No, but Starcraft is an imperfect information game like Poker, and involves computing mixed strategies

This is super tangential, but I think you're making a technical error here. It's true that poker is imperfect information and it's true that this makes it require more computational resources, which matches the main text, but not this comment. But does imperfect information suggest mixed strategies? Does optimal play in poker require mixed strategies? I see this slogan repeated a lot and I'm curious where you learned it. Was it in a technical context? Did you encounter technical justification for it?

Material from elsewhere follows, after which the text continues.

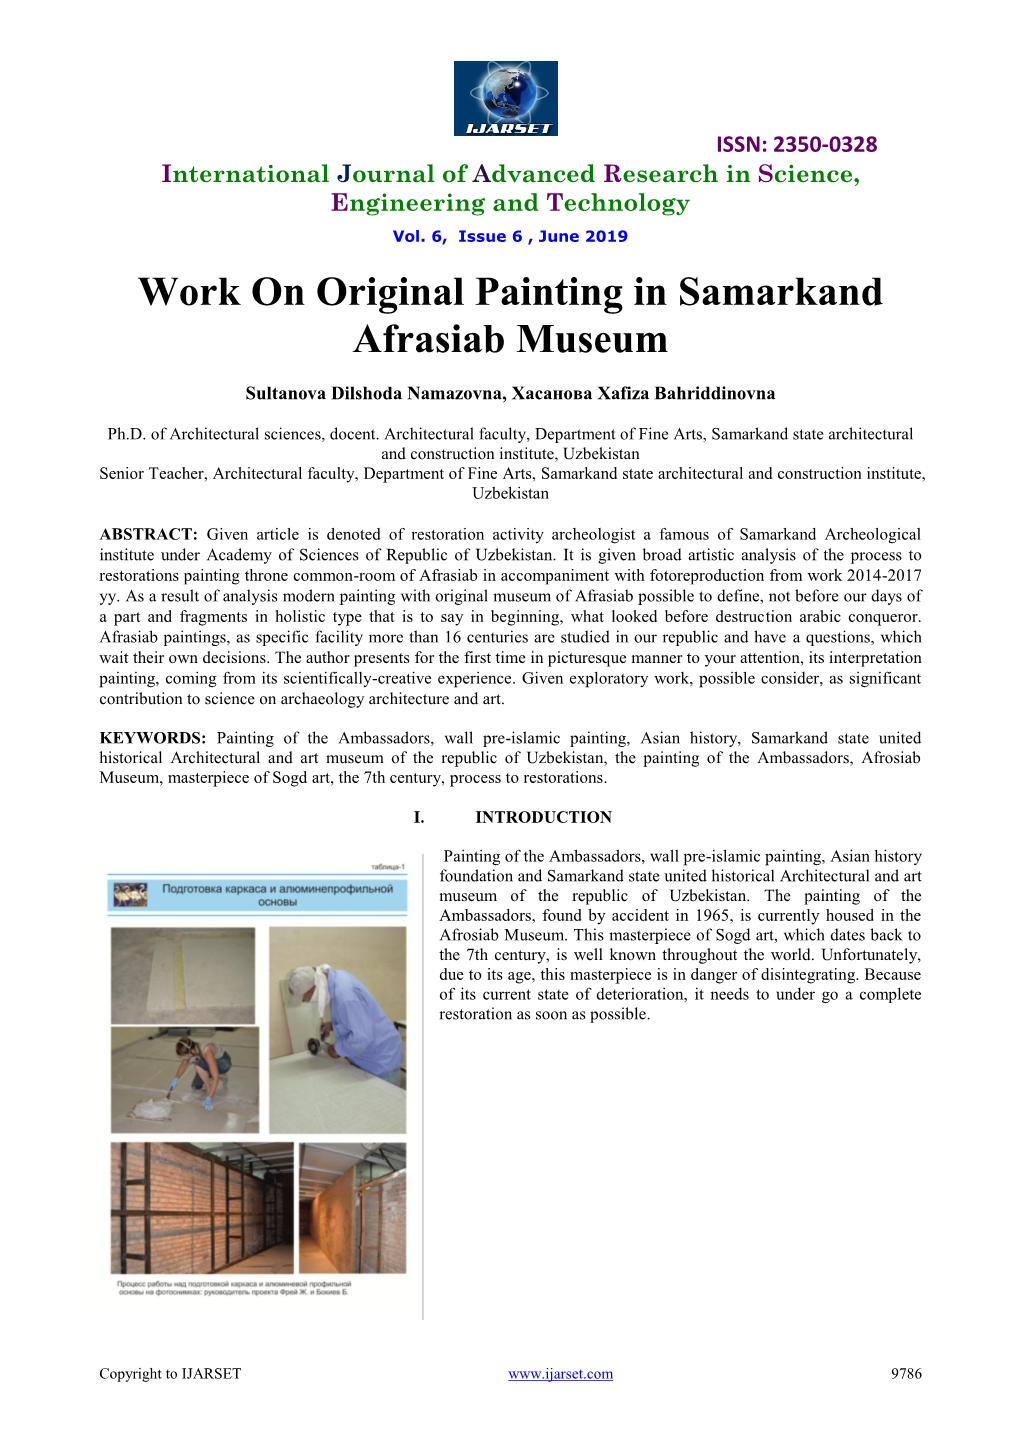 Work on Original Painting in Samarkand Afrasiab Museum

Games where players move simultaneously, like rock-paper-scissors require mixed strategies, and that applies to SC. But I'm not sure that requires extra computational resources. Whether they count as "imperfect information" is subject of conflicting conventions. Whereas play alternates in poker. I suspect that this meme propagates because of a specific error. Imperfect information demands bluffing and people widely believe that bluffing is a mixed strategy. But it isn't. The simplest version of poker to induce bluffing is von Neumann poker, which has a unique (pure) Nash equilibrium in which one bets on a good hand or a bad hand and checks on a medium hand. I suspect that for poker based on a discrete deck that the optimal strategy is mixed, but close to being deterministic and mixed only because of discretization error.

[-][anonymous]4y10

That makes sense. Perhaps the opposite is true - that if all Nash equilibrium strategies are mixed, the game must have been imperfect information? In any simultaneous game the opponent's strategy would be the hidden information.

Ah, makes sense, thanks.

[-][anonymous]5y20

I estimate the current AI to be ~100 times less efficient with simulation time than humans are, and that humans are another ~100 times less efficient than an ideal AI (practically speaking, not the Solomonoff-induction-kind). Humans Who Are Not Concentrating Are Not General Intelligences, and from observation I think it's clear that human players spend a tiny fraction of their time thinking about strategies and testing them compared to practicing pure mechanical skills.

I found a youtube channel that has been providing commentary on suspected games of AlphaStar on the ladder. They're presented from a layman's perspective, but they might be valuable for people to get an idea of what the current AI is capable of.